Dataset excerpts:
◆ ◆ ◆ ◆ ◆

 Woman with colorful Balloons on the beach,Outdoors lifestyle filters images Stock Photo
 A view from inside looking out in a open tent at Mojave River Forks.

◆ ◆ ◆ ◆ ◆

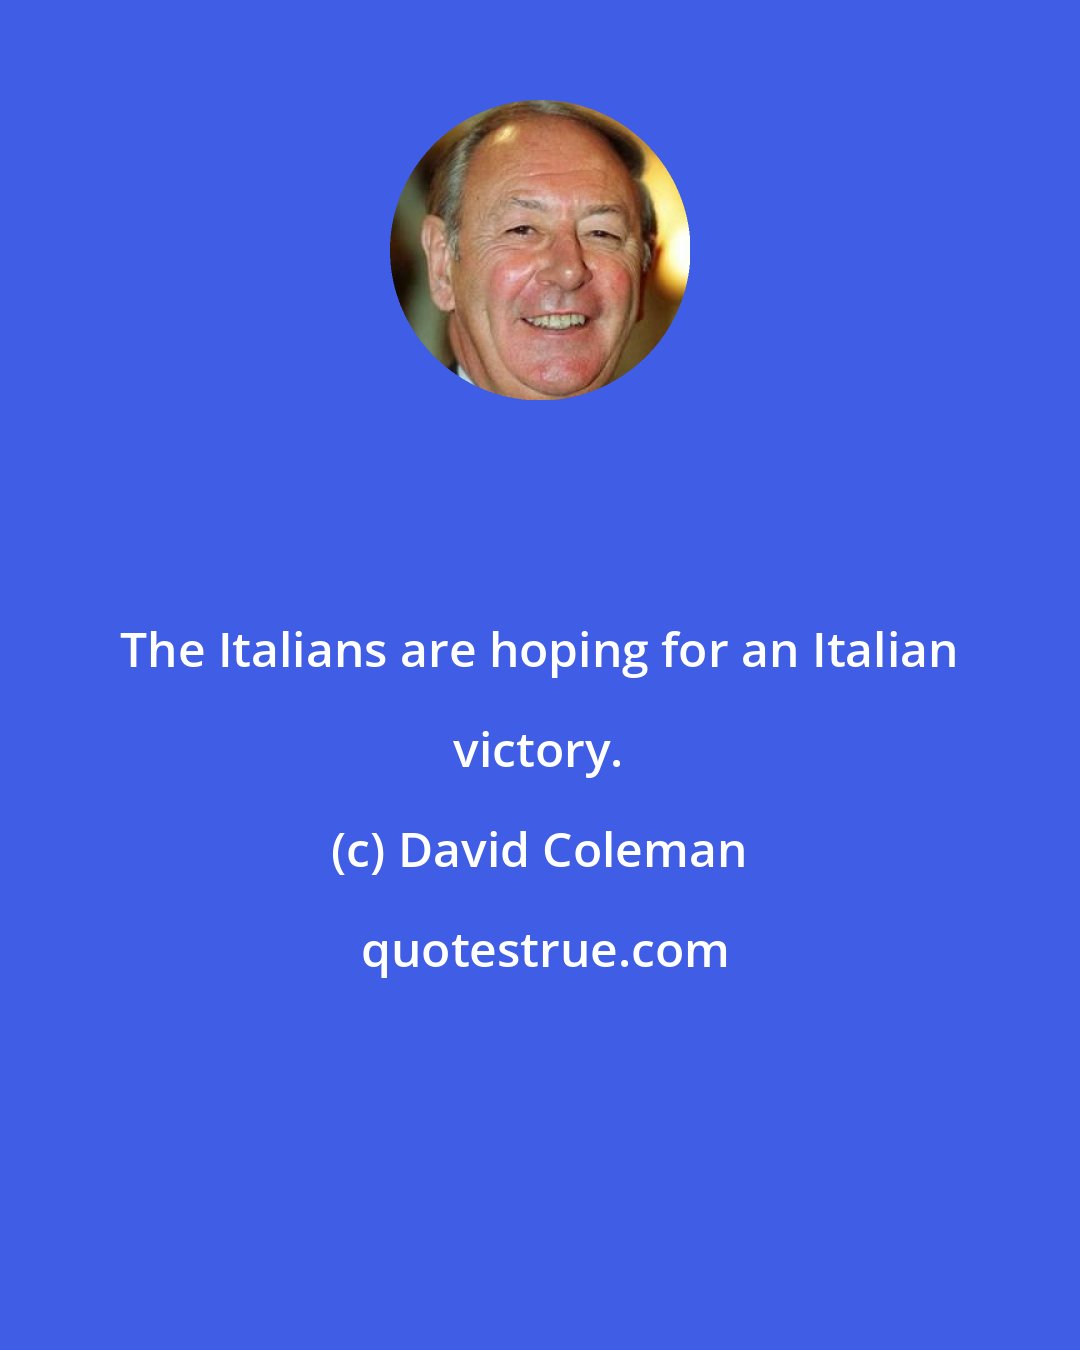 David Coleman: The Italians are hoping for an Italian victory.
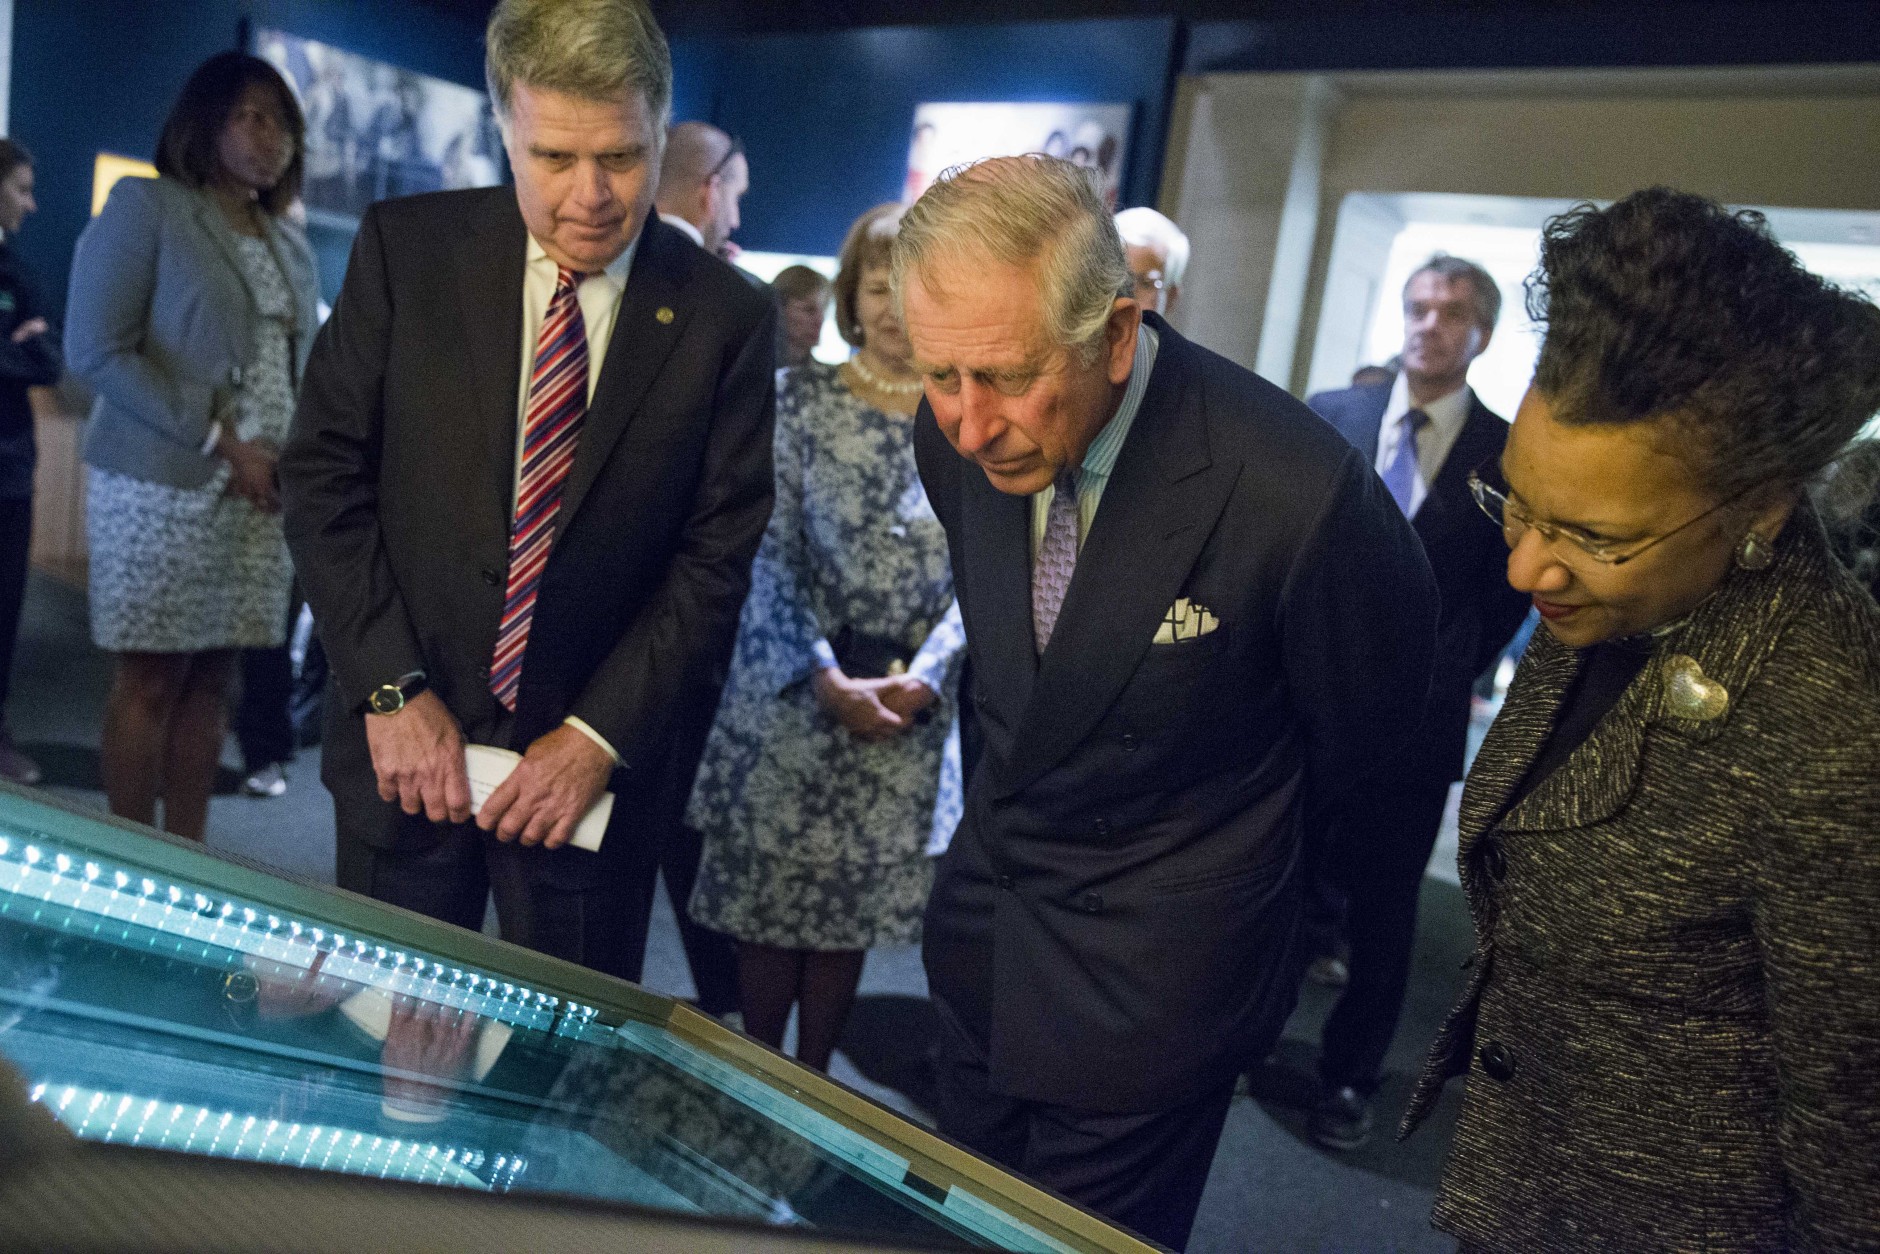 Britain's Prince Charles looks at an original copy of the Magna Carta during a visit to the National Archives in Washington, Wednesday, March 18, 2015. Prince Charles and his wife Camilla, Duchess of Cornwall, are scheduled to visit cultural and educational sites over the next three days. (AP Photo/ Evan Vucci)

◆ ◆ ◆ ◆ ◆

Task item:
Of the lines above, copy only those from the one holding "David Coleman: The" to the one holding "Britain's Prince Charles", both included, and exclude every image.

Written answer:
 David Coleman: The Italians are hoping for an Italian victory.
 Britain's Prince Charles looks at an original copy of the Magna Carta during a visit to the National Archives in Washington, Wednesday, March 18, 2015. Prince Charles and his wife Camilla, Duchess of Cornwall, are scheduled to visit cultural and educational sites over the next three days. (AP Photo/ Evan Vucci)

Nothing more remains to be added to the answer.